John: One of our favorite use cases at Epistemic right now is tracking those rapid changes in pharma NPV of a drug in-market or near-launch. Market access changes, public policy, sentiment, pricing all impact what pharma companies and investors care about: asset value. Totally changes how data-driven decisions can be made.
And even 30% accuracy, in the two examples you gave, is so much better than a 5 out of 80 success rate. That’s like early BDR numbers to SQL numbers, and now you're converting.
Les: One of my favorite principles in behavioral data modeling is this concept of multiple layers. First is the temporal layer time has natural structure. Then the geospatial layer location and movement in space. And the behavioral layer what people tend to do.
But behaviors are best understood not by what people will do, but by what they won’t do constraints. Constraints govern behavior. Like in the morning: you don’t shave after you shower or drink orange juice after brushing your teeth. If you were trying to guess someone’s routine, the constraints would guide you more than preferences. That applies to so many predictive models.
John: Love it. We’ve probably got time for a few more questions. One we always ask: what got you into math or using data and modeling in the first place?
Les: It's funny. It was the Nintendo Entertainment System. Super Mario Brothers, Legend of Zelda my all-time favorite game. I loved that tech. I sold my NES at a garage sale to buy a Packard Bell 286 computer. My favorite games were simulations football, baseball. I loved trading players, printing stats. My dad would yell at me for wasting ribbons on the dot matrix printer.
Even at West Point, one of my thesis projects was simulating the 1990 Pittsburgh Pirates should they have beaten the Braves and gone to the World Series? So yeah, I got into it through games and simulation.
And people. We shared a very special teacher Mrs. Mullen at Cathedral Prep. She taught AP math junior and senior year. That was probably the biggest inspiration and biggest leg up. When you pursue things you enjoy, you get good at them. I remember visiting West Point and getting a pop quiz in a calc class. Cadets were failing. I got a 100. That wasn't because of me. That was because of Mrs. Mullen.
John: She would absolutely expect that of you too, child of grace.
Les: Yes she would. Absolutely.
John: Final question. Models help make decisions. If you could go back to any point in your life or history, rewind the clock using the flux capacitor, and make a different decision using data what would that “what the flux” moment be?

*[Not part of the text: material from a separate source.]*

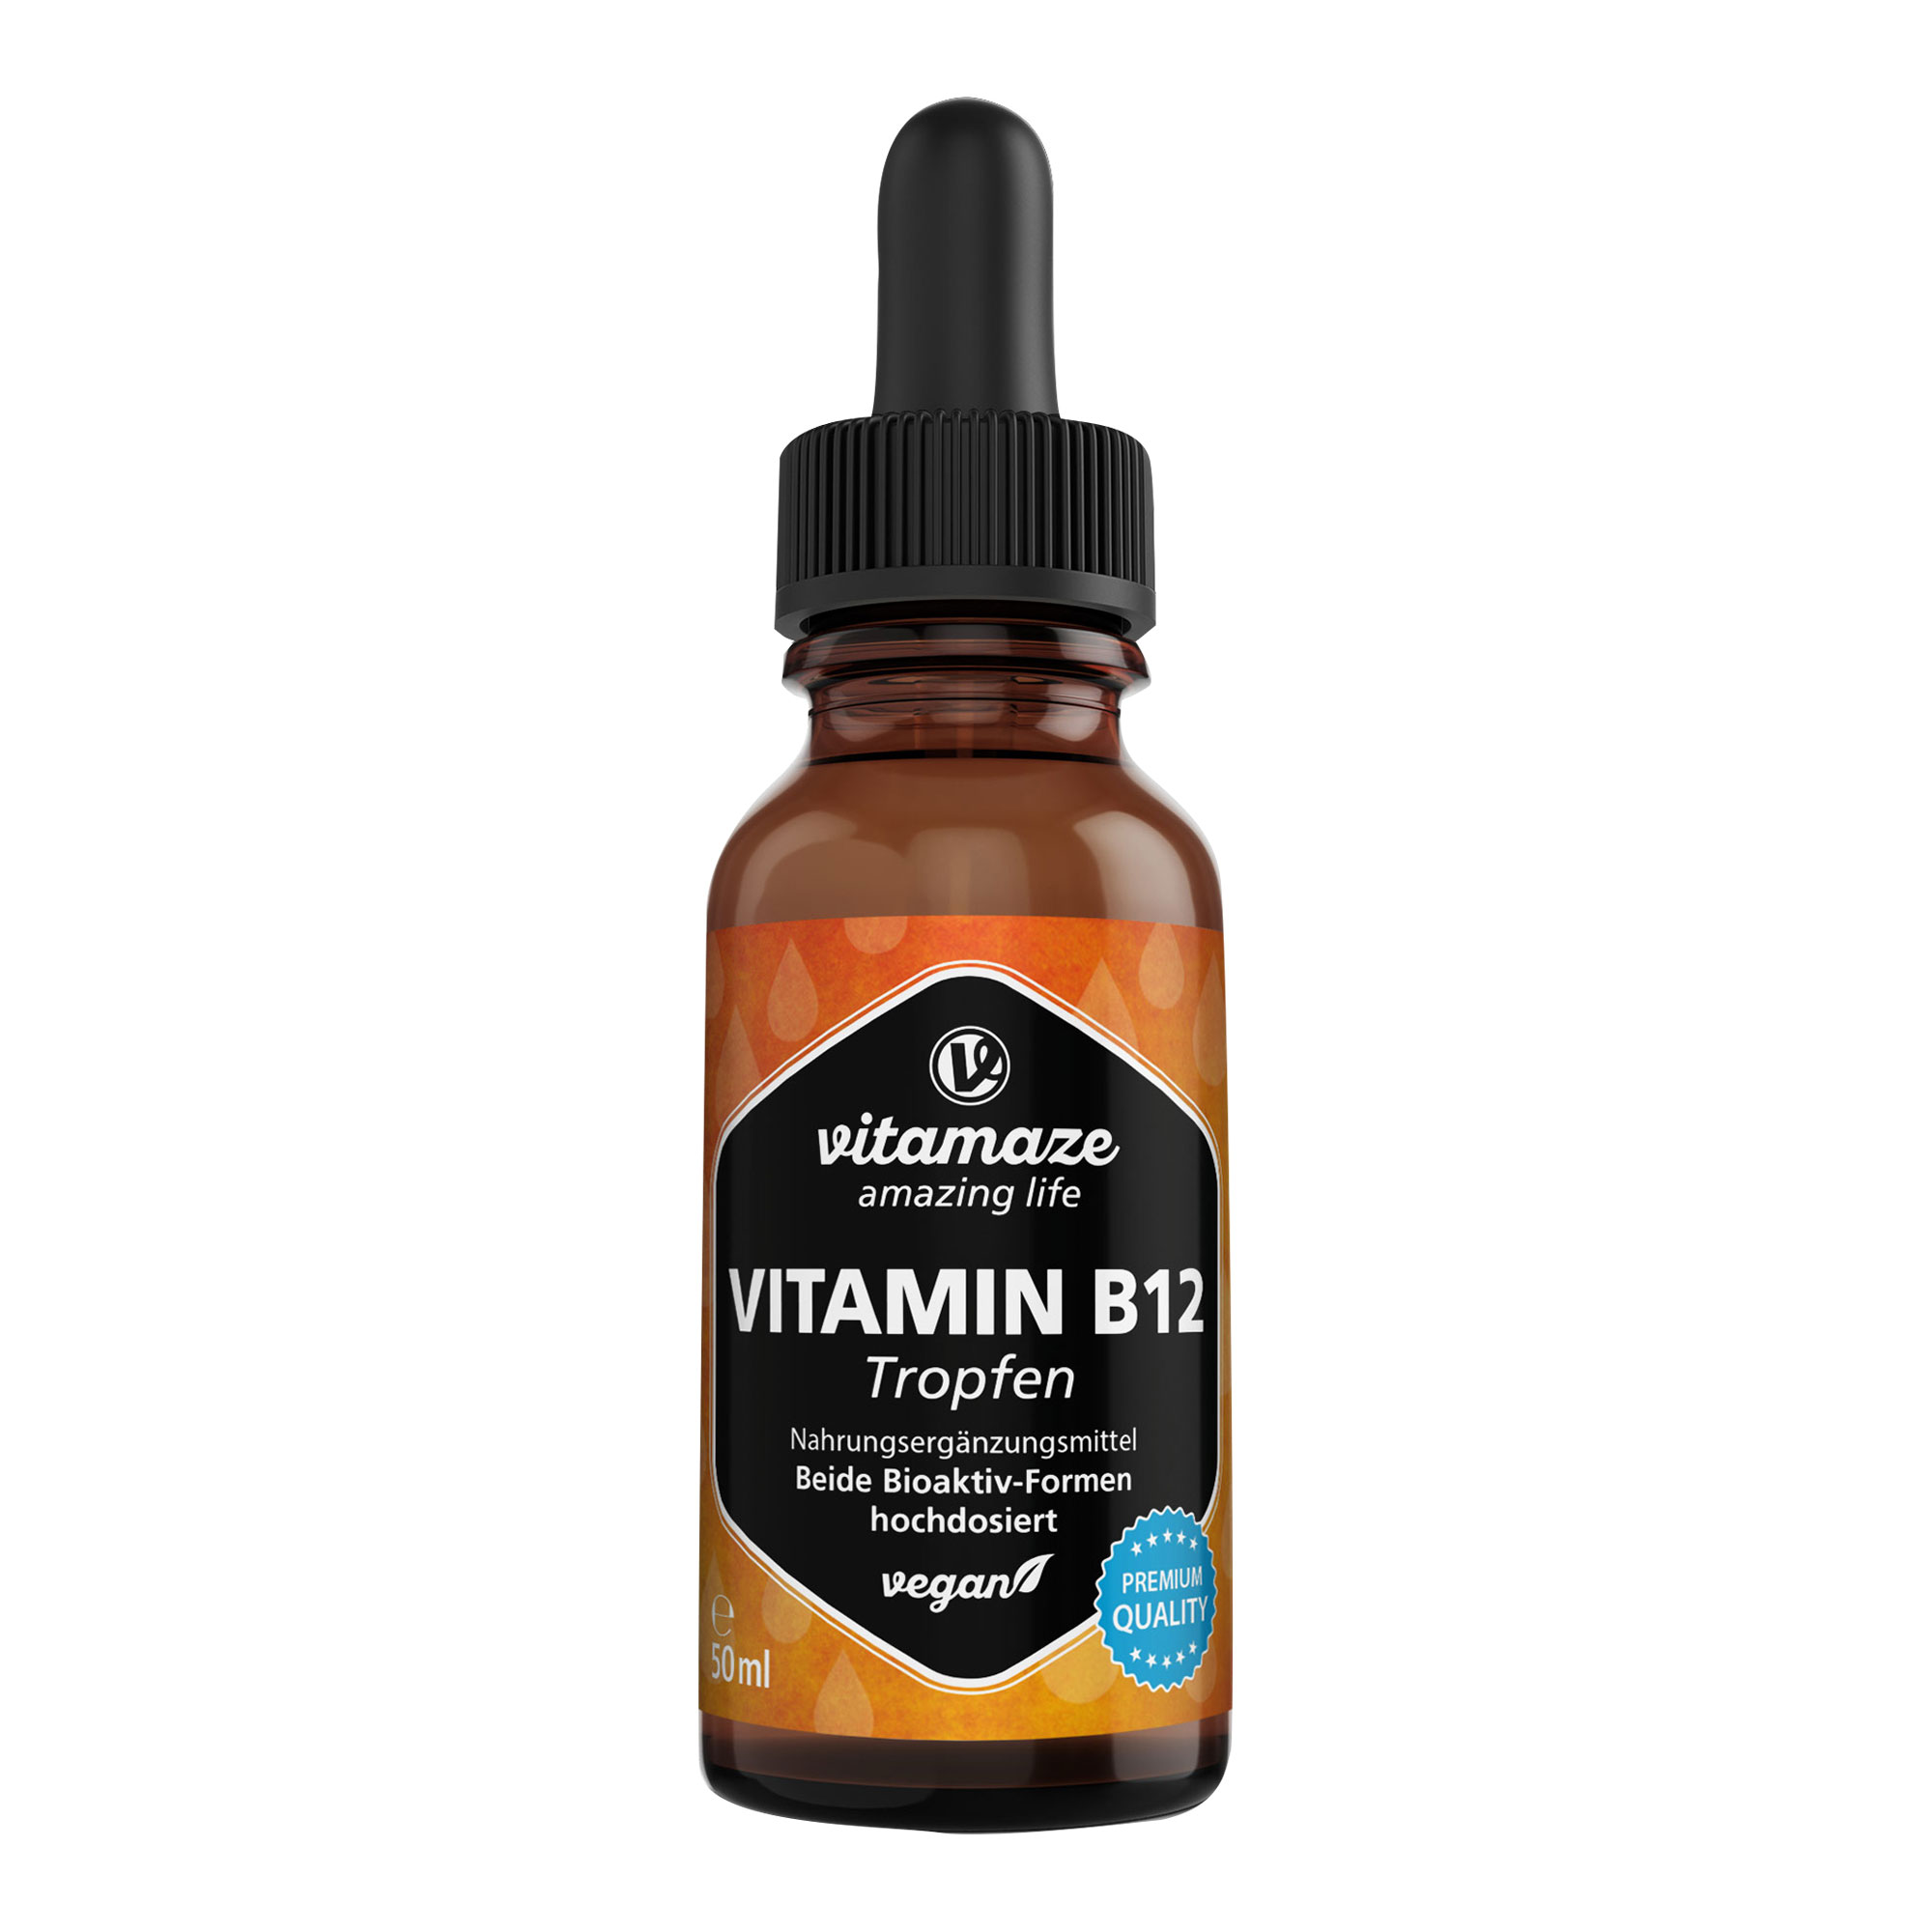 Nahrungsergänzungsmittel mit hochdosiertem Vitamin B12 in flüssiger Form.
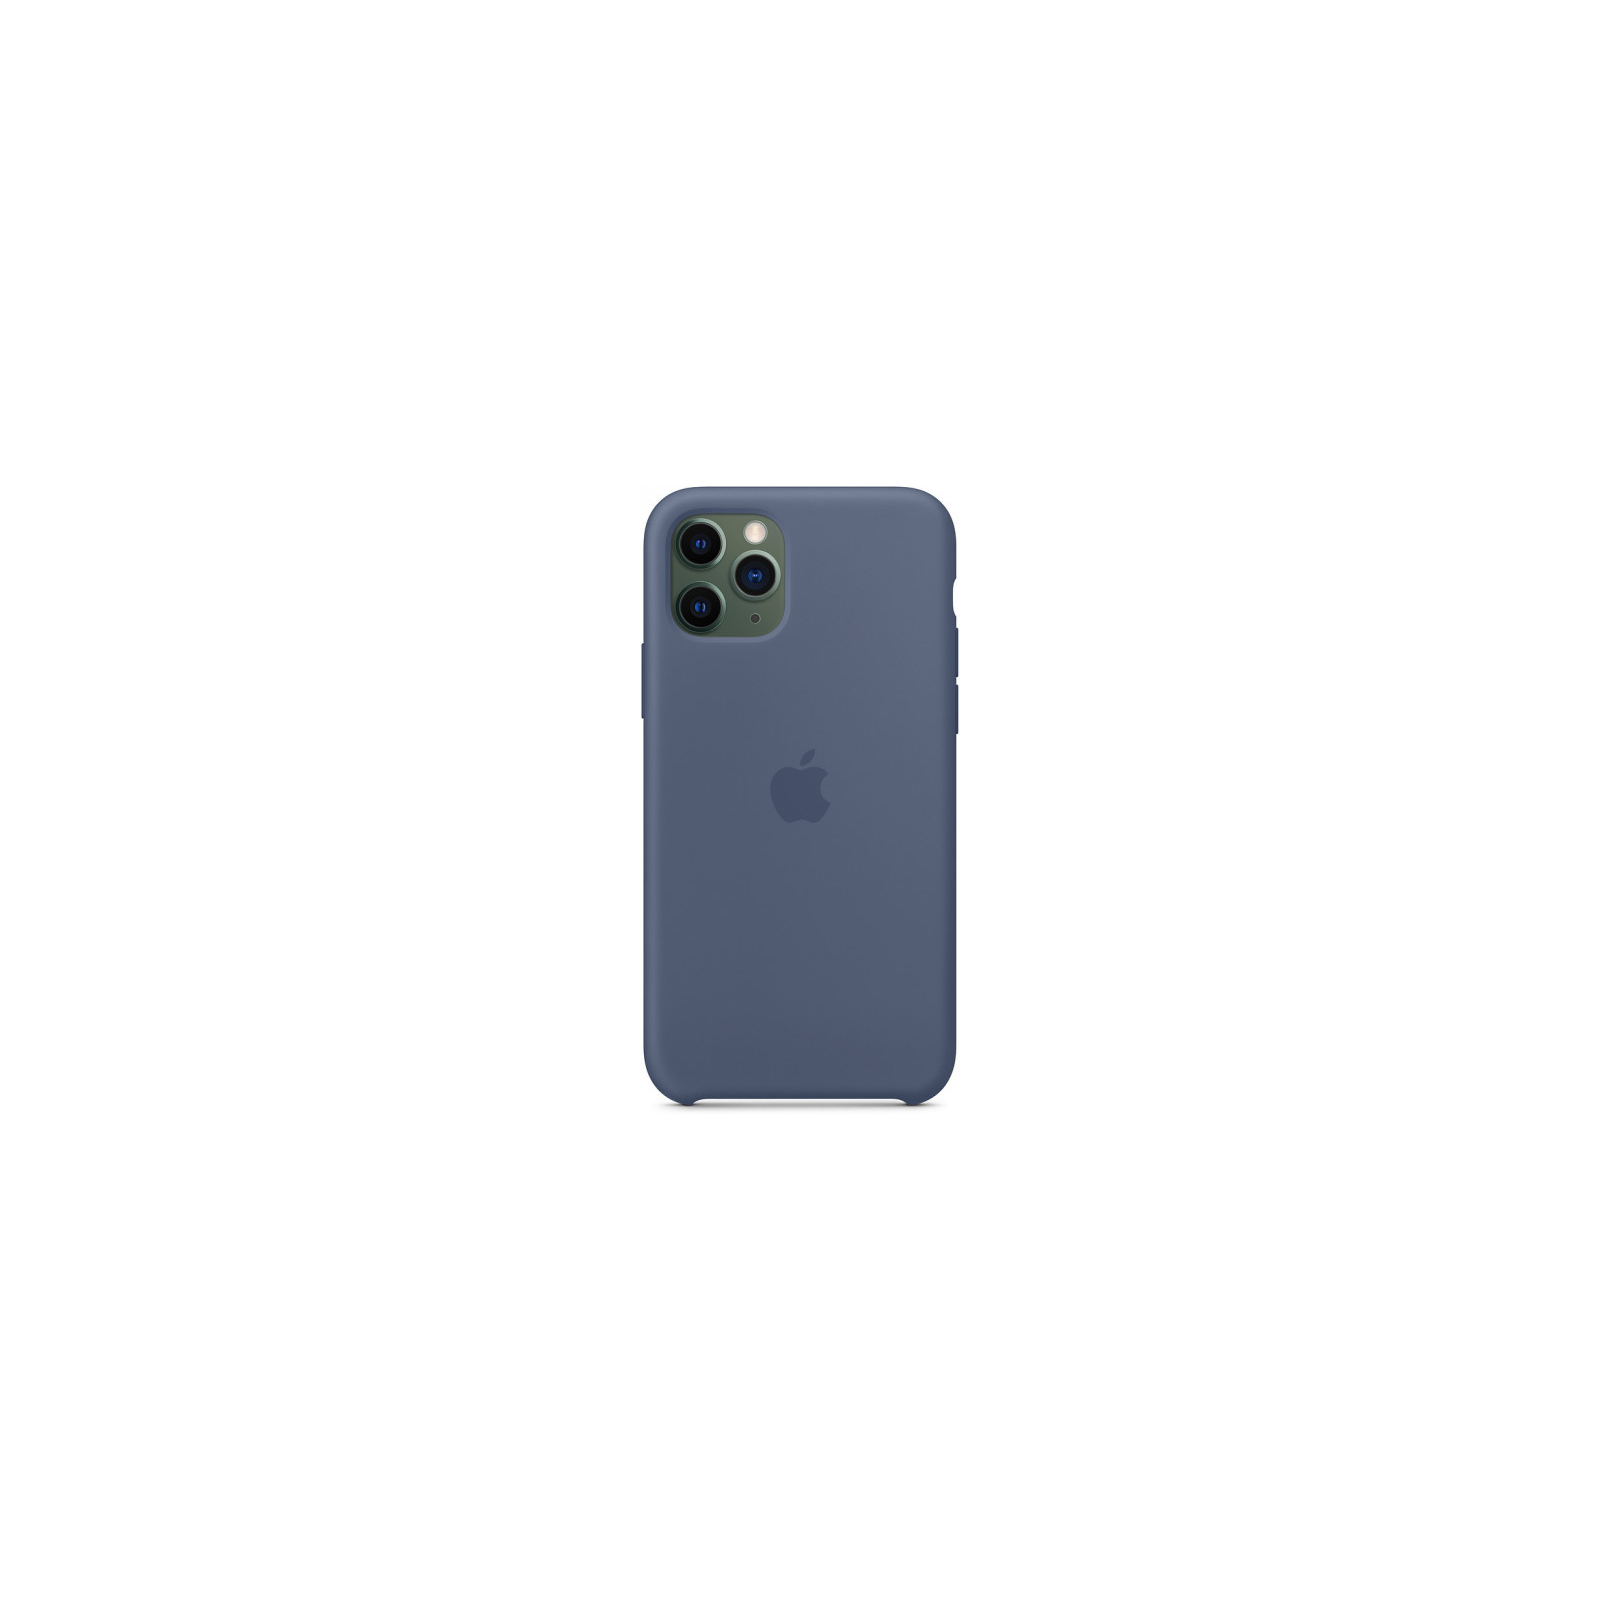 Чехол для мобильного телефона Apple iPhone 11 Pro Silicone Case - Alaskan Blue (MWYR2ZM/A) изображение 3

Les: I’m going to go back to my decision to go to West Point. I made that decision based on incomplete data and assumptions. I went because it was the cheapest pre-med option. I wanted to be an orthopedic surgeon. After freshman year, I realized I didn’t want that. I had other great options Duke, UPenn, Notre Dame. It would be fascinating to simulate my life had I chosen a different path. I don’t regret it, but I’m curious who I’d be now.
John: So good to have you on. As your kids start their own journeys, what advice are you giving them about the future of data science and decision-making?
Les: Learn how to use AI safely and effectively. Use it to discover what you're passionate about, what you're good at, and where you have an unfair advantage. If you learn prompt engineering and how to use AI to teach yourself, you can do anything. We're still in the punch-card era of AI. Get ahead of it now. I wouldn't tell people to major in computer science or liberal arts. Just be curious. Learn the fundamentals reading, writing, arithmetic and use AI to unlock your superpower.
John: Awesome, Les. Thank you so much. This was a great episode.
Les: Thanks, John. It was a pleasure.